** TASK TO COMPLETE **
Exactly as they appear, retype the lines from the one containing "Home Schooling - Cover" through the final line of the data below. Leave pictures out.

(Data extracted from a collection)
- - - - - - -

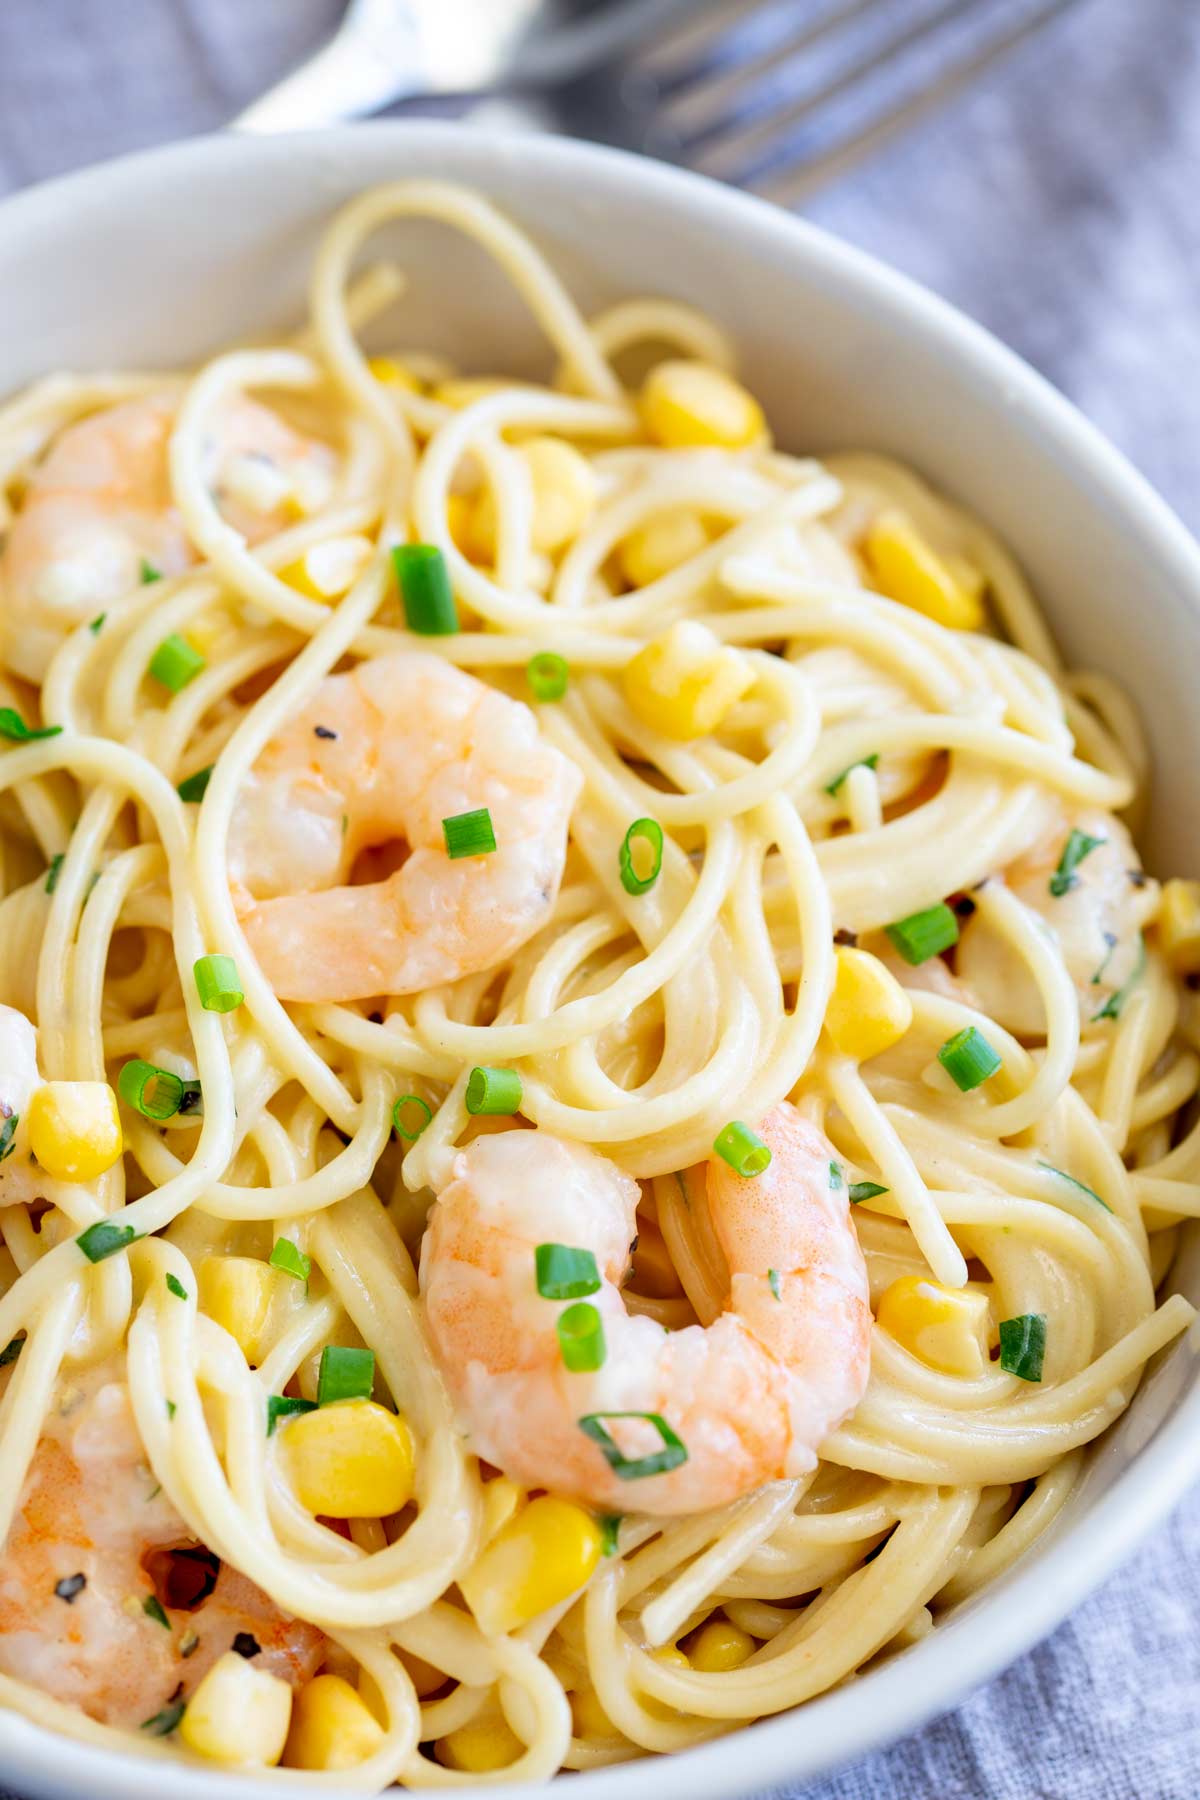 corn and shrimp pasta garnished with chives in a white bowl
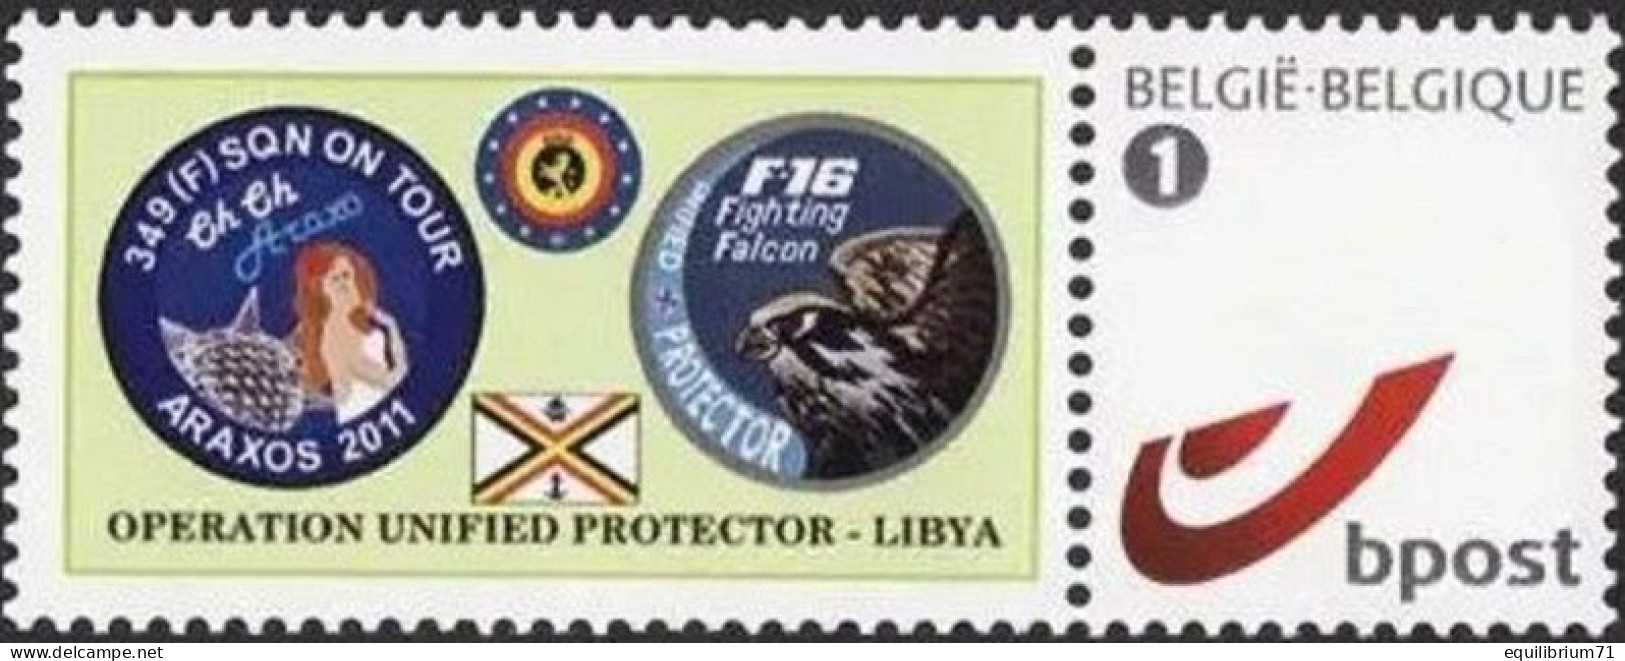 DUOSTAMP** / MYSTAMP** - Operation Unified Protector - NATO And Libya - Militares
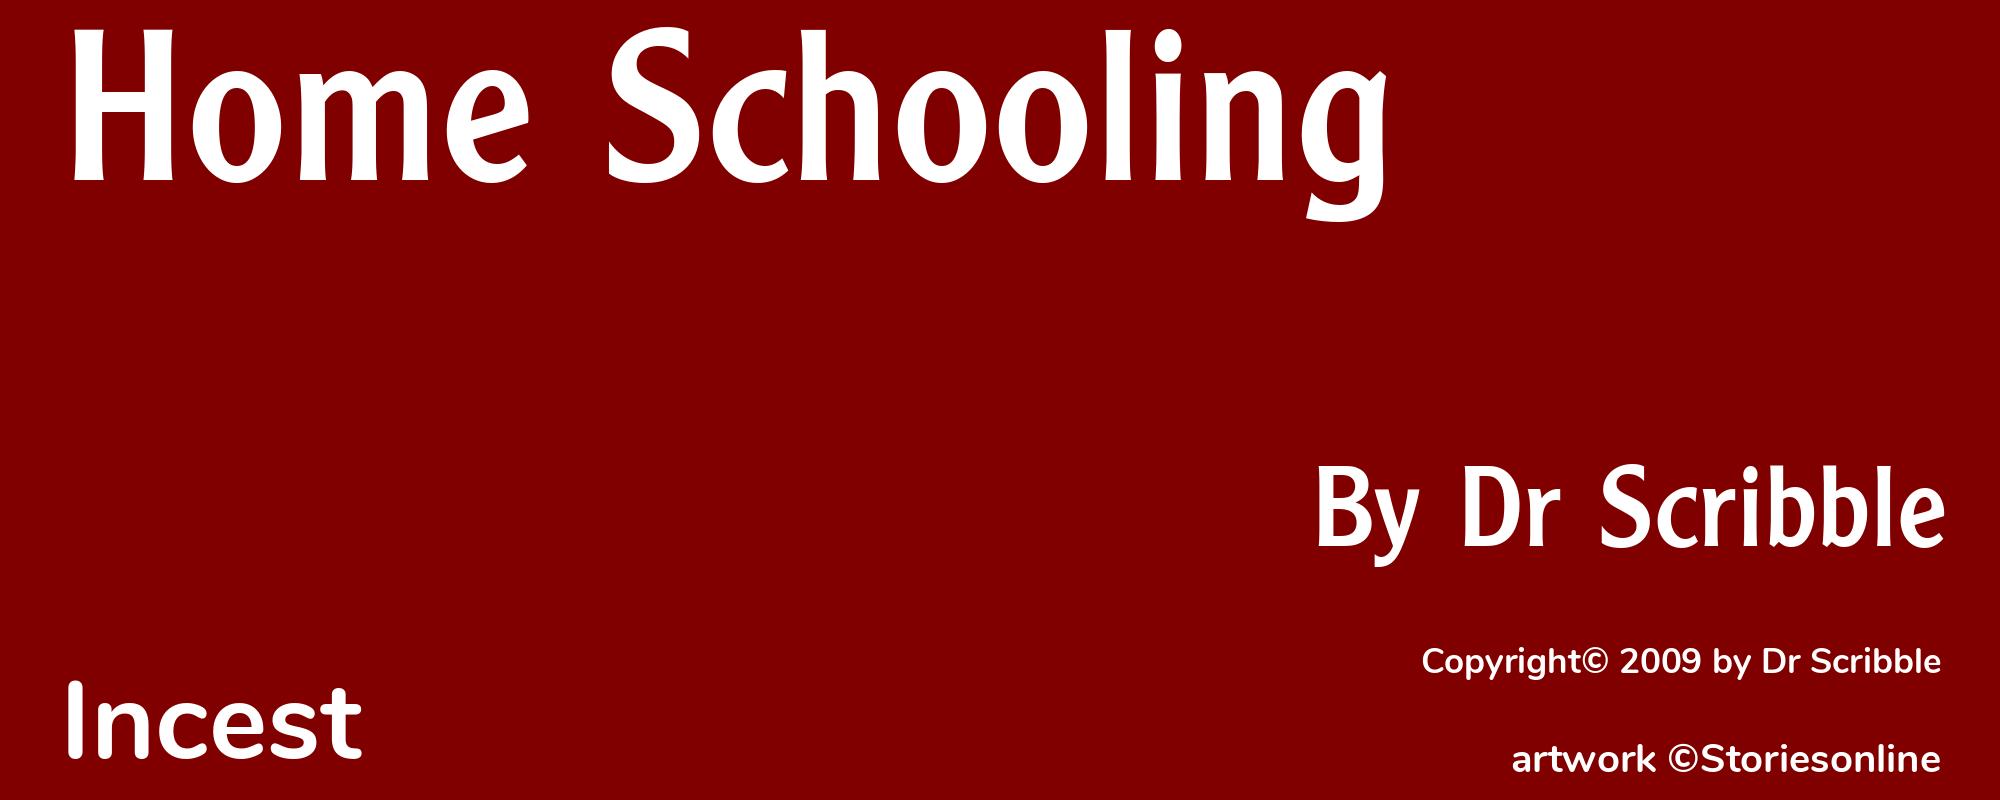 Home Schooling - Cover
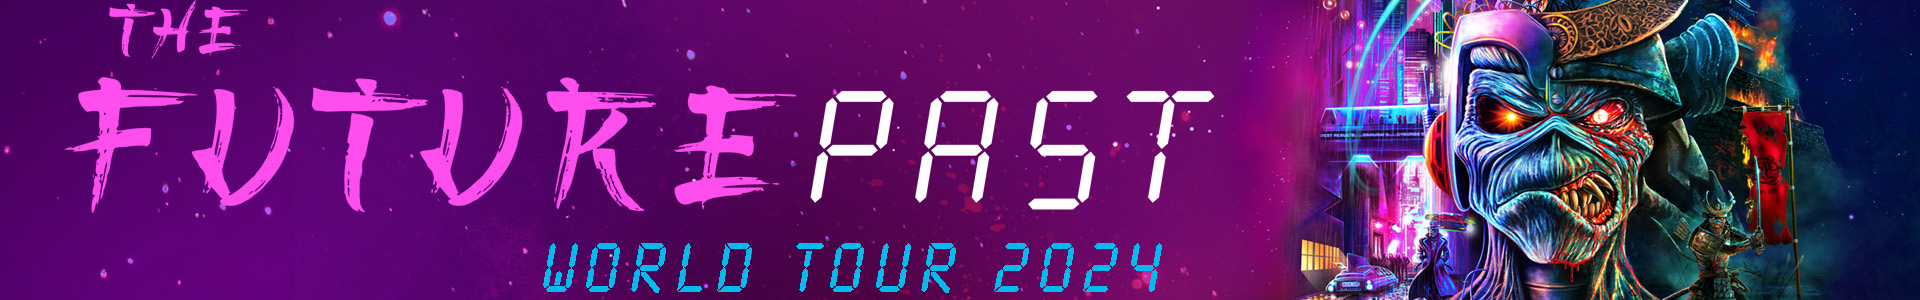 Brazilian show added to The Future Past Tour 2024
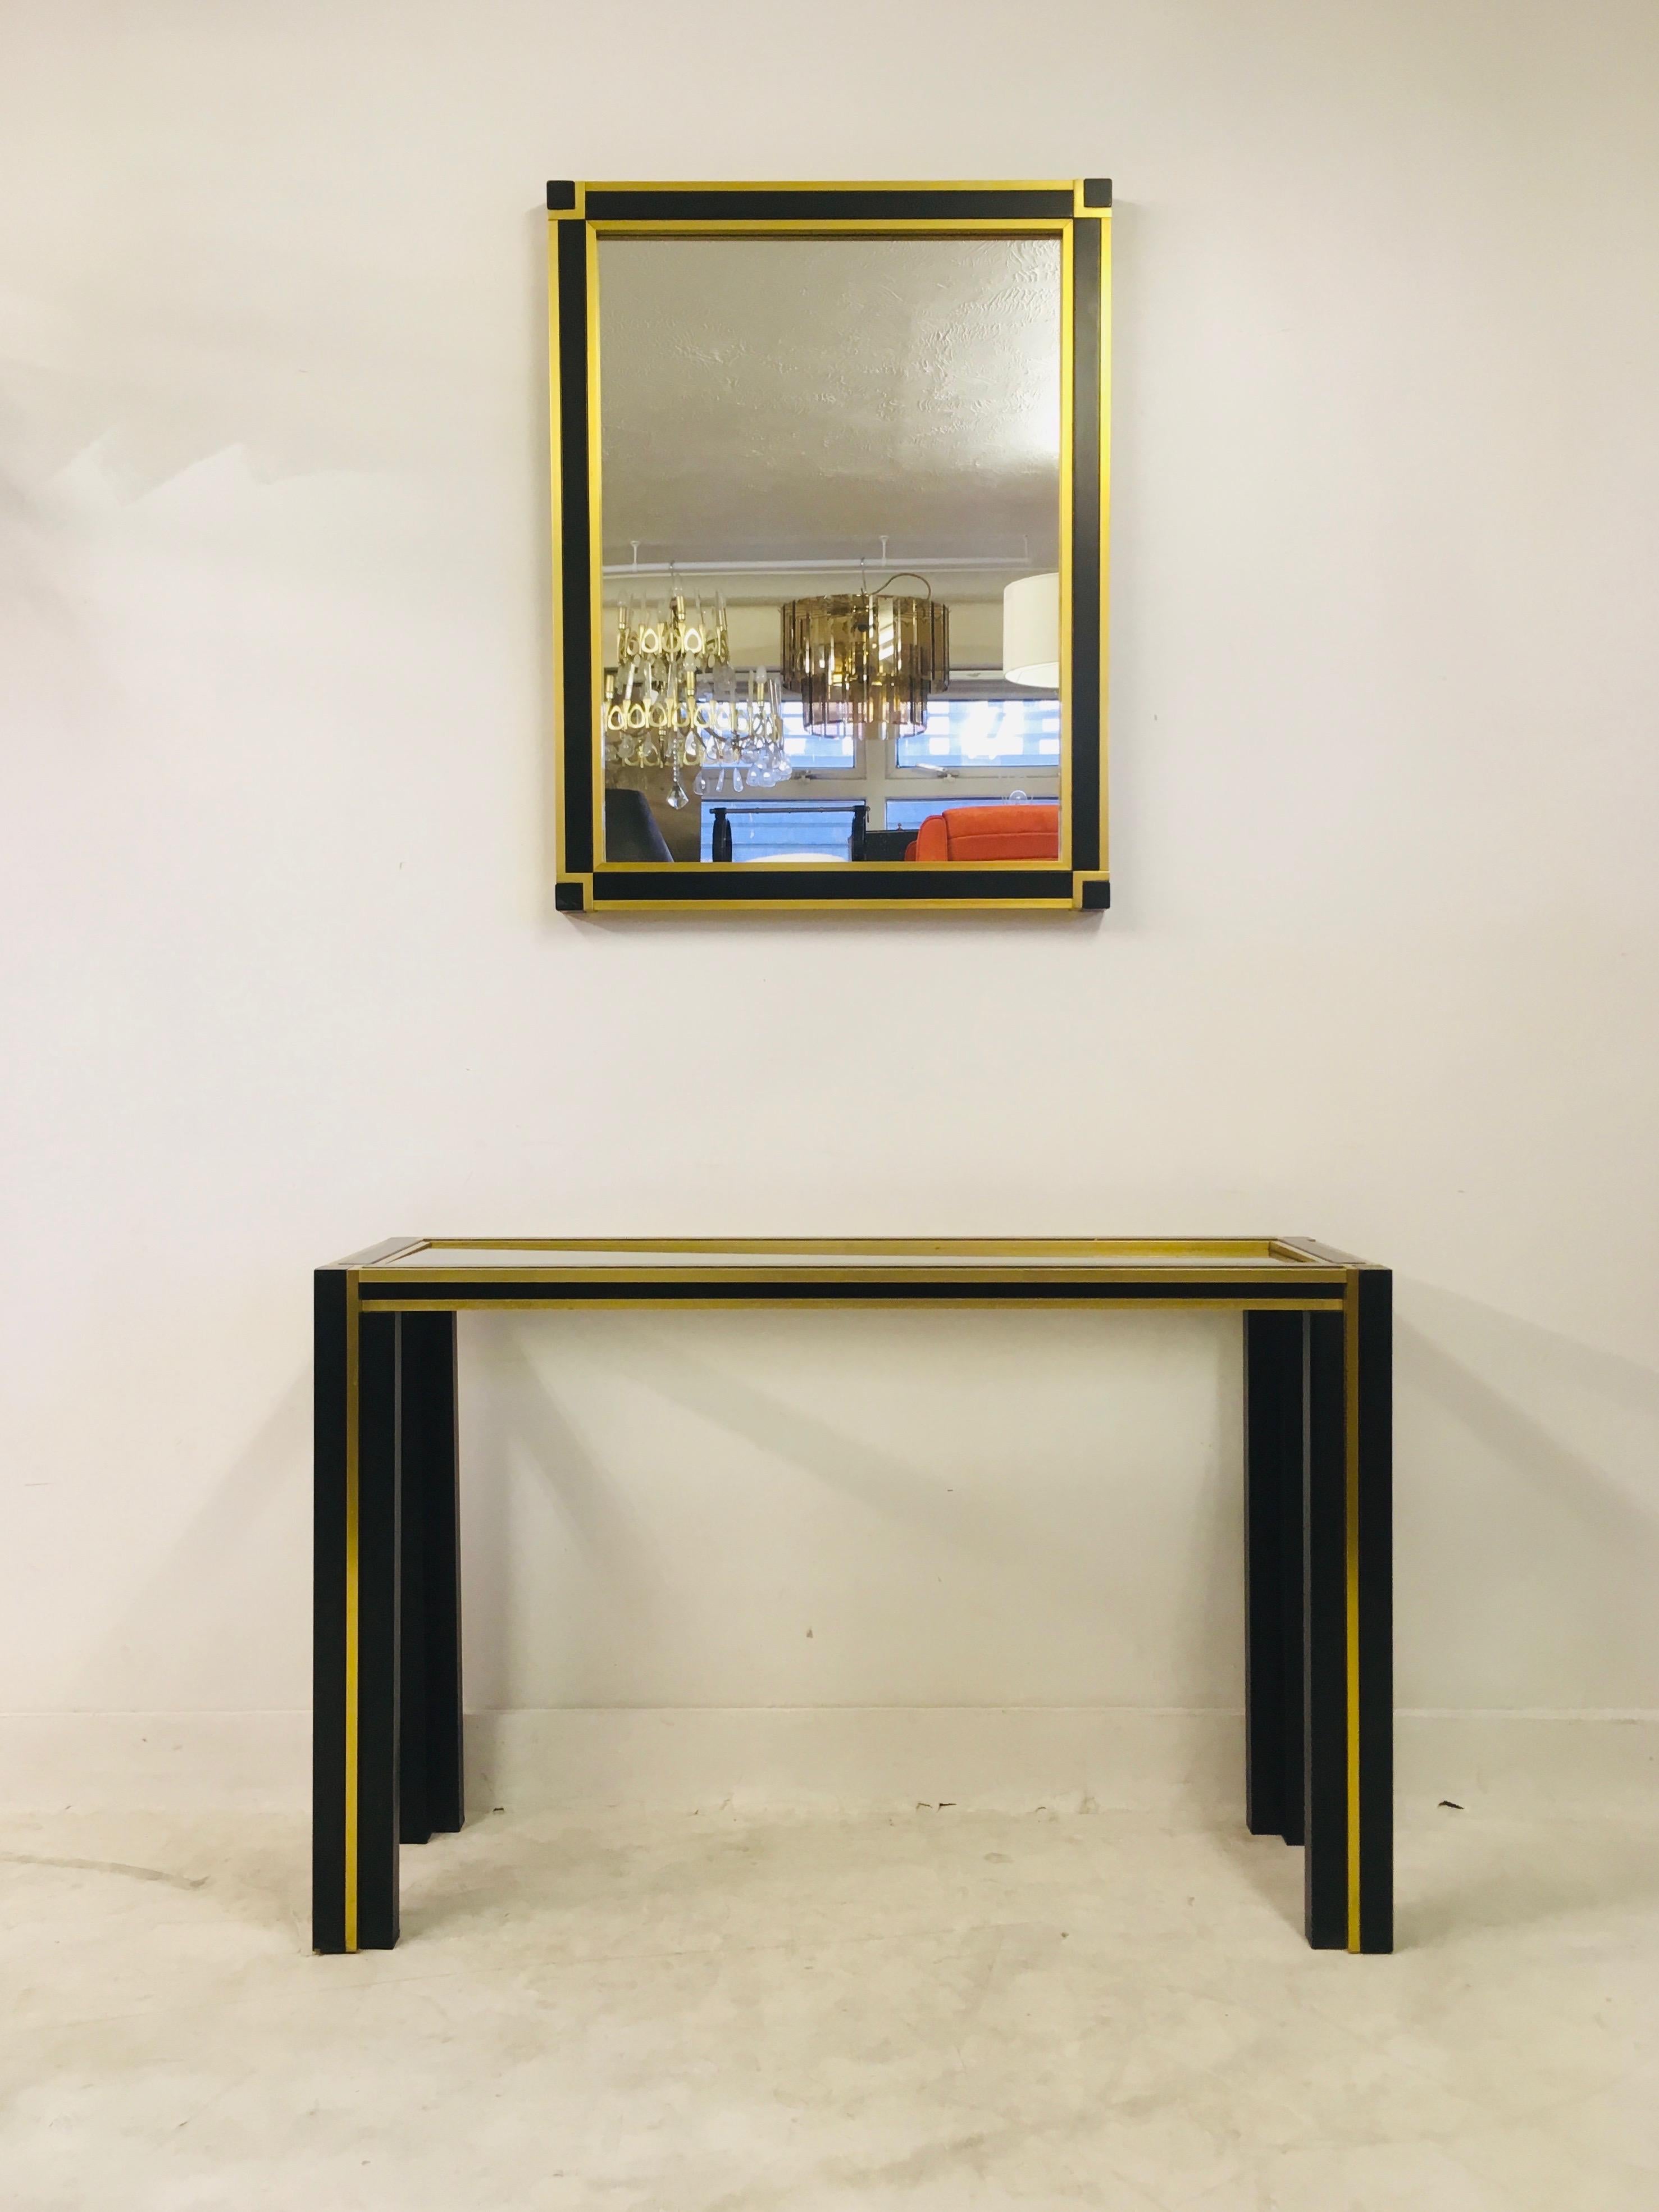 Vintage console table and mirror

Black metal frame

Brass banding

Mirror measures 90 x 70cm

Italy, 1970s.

- - - - - - -

** TASK ANSWER **
 Home Schooling - Cover
 Brazilian show added to The Future Past Tour 2024
 Vintage console table and mirror

Black metal frame

Brass banding

Mirror measures 90 x 70cm

Italy, 1970s.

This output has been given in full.